### EXERCISE REQUIREMENTS
Using the records below, transcribe word for word the stretch from the line that contains "Six Common Breastfeeding" through the line that contains "Wayne-Dalton 6100 installation", both end lines included, and nothing else.

Source data
-- -- --
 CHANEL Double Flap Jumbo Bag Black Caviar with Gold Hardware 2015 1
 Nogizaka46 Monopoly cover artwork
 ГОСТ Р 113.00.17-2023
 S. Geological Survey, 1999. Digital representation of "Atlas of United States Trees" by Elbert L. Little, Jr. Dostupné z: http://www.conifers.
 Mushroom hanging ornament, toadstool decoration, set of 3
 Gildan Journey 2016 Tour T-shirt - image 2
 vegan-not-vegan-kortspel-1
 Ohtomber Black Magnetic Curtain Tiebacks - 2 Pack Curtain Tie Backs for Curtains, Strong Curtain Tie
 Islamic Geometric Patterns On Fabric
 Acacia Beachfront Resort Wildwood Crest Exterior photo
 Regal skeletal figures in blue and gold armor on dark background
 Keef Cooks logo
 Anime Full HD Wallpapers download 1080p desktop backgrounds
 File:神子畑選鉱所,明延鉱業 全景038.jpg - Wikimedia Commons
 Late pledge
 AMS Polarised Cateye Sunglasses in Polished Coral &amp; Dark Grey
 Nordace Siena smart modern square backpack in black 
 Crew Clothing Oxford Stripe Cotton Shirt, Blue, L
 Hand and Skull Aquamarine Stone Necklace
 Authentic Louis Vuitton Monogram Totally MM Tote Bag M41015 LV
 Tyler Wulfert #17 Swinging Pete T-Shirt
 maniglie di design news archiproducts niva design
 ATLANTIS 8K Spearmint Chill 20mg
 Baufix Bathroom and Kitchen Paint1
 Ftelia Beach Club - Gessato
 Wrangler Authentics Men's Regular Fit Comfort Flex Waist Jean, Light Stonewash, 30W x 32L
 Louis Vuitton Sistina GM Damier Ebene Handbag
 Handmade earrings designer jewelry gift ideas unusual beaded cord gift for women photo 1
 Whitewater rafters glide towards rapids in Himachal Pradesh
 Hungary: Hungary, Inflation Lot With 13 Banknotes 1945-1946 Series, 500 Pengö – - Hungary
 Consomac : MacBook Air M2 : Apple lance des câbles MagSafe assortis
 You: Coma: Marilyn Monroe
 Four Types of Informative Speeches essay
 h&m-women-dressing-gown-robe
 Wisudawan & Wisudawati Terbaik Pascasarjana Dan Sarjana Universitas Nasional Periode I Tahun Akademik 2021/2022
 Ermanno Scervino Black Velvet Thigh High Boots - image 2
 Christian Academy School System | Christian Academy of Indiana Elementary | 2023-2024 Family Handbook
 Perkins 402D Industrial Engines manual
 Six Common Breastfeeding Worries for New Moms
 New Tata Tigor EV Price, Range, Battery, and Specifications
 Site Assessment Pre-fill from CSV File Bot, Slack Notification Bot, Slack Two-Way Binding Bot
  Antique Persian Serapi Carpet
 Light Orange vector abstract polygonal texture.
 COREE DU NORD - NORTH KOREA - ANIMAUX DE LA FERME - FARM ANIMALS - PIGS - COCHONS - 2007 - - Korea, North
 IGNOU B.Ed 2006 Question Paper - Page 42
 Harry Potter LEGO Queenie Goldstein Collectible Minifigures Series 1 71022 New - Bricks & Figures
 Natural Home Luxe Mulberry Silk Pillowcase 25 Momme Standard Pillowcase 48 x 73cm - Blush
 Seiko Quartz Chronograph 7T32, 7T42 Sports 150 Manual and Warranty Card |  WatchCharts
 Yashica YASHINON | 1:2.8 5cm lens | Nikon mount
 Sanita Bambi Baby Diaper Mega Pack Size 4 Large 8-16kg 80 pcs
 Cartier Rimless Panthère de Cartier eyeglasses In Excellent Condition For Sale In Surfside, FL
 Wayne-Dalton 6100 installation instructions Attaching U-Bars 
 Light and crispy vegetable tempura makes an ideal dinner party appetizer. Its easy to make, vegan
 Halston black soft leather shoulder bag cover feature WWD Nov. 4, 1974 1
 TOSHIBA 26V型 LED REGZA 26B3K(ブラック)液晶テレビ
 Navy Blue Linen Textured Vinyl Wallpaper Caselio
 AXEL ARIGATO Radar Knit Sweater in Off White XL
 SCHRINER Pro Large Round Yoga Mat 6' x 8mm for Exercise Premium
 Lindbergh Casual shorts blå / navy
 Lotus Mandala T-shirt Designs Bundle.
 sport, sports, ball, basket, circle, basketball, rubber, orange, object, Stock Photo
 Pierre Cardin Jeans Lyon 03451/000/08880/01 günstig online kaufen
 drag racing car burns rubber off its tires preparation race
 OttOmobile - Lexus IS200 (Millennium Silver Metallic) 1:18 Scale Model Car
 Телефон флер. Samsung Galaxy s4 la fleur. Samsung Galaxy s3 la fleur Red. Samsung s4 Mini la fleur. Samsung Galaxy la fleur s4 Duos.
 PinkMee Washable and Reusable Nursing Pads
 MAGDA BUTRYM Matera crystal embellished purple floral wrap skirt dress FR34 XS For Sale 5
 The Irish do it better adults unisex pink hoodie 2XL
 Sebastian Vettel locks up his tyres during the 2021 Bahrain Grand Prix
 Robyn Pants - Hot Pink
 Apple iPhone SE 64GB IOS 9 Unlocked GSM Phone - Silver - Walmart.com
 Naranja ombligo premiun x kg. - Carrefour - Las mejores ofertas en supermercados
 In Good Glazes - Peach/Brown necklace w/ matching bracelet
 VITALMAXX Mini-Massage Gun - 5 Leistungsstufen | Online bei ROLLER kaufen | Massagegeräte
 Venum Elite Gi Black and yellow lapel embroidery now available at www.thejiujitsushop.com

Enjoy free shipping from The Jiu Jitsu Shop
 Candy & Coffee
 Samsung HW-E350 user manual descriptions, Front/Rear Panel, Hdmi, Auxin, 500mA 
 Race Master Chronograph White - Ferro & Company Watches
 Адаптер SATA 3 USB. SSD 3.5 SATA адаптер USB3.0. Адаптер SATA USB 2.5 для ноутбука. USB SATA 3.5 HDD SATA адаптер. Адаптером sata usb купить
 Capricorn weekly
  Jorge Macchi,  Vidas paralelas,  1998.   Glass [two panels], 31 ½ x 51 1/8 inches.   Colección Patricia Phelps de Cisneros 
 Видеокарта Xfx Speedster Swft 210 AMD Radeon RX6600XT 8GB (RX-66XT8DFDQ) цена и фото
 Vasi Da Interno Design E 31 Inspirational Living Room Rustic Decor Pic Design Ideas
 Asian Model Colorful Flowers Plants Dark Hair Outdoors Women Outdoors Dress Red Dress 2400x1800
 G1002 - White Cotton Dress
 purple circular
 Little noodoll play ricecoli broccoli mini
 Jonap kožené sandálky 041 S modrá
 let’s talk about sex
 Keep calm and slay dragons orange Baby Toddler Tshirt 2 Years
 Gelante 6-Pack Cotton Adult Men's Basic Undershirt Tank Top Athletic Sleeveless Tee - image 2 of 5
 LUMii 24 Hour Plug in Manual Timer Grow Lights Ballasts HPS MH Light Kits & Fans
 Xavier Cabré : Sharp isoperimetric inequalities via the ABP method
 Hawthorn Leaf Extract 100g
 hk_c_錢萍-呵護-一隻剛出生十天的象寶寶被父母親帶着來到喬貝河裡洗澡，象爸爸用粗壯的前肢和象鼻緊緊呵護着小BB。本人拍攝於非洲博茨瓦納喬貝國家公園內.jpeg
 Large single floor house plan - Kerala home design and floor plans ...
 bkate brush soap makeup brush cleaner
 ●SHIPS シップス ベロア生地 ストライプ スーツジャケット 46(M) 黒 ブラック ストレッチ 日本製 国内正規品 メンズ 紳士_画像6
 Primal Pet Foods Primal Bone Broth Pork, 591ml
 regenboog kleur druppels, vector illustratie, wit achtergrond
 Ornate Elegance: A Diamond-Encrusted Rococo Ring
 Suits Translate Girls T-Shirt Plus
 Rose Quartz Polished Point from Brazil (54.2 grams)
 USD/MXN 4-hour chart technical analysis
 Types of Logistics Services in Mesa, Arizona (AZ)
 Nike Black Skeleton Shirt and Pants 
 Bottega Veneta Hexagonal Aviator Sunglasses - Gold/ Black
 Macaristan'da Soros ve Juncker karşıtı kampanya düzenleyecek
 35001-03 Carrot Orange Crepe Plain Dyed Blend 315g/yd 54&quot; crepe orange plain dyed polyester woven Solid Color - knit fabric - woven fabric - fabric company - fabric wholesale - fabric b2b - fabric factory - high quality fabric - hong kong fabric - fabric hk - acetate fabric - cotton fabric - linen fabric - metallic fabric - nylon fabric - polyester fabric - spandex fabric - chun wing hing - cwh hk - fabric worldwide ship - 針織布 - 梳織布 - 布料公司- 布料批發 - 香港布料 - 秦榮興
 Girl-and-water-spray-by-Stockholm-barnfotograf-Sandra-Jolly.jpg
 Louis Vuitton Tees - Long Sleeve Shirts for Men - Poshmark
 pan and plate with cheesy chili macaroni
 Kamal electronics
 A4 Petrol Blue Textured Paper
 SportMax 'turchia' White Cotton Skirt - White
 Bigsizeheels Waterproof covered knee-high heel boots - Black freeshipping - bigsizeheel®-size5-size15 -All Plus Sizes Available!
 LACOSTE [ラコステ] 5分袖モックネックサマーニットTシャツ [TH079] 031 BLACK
-- -- --
### REPLY
 Six Common Breastfeeding Worries for New Moms
 New Tata Tigor EV Price, Range, Battery, and Specifications
 Site Assessment Pre-fill from CSV File Bot, Slack Notification Bot, Slack Two-Way Binding Bot
  Antique Persian Serapi Carpet
 Light Orange vector abstract polygonal texture.
 COREE DU NORD - NORTH KOREA - ANIMAUX DE LA FERME - FARM ANIMALS - PIGS - COCHONS - 2007 - - Korea, North
 IGNOU B.Ed 2006 Question Paper - Page 42
 Harry Potter LEGO Queenie Goldstein Collectible Minifigures Series 1 71022 New - Bricks & Figures
 Natural Home Luxe Mulberry Silk Pillowcase 25 Momme Standard Pillowcase 48 x 73cm - Blush
 Seiko Quartz Chronograph 7T32, 7T42 Sports 150 Manual and Warranty Card |  WatchCharts
 Yashica YASHINON | 1:2.8 5cm lens | Nikon mount
 Sanita Bambi Baby Diaper Mega Pack Size 4 Large 8-16kg 80 pcs
 Cartier Rimless Panthère de Cartier eyeglasses In Excellent Condition For Sale In Surfside, FL
 Wayne-Dalton 6100 installation instructions Attaching U-Bars 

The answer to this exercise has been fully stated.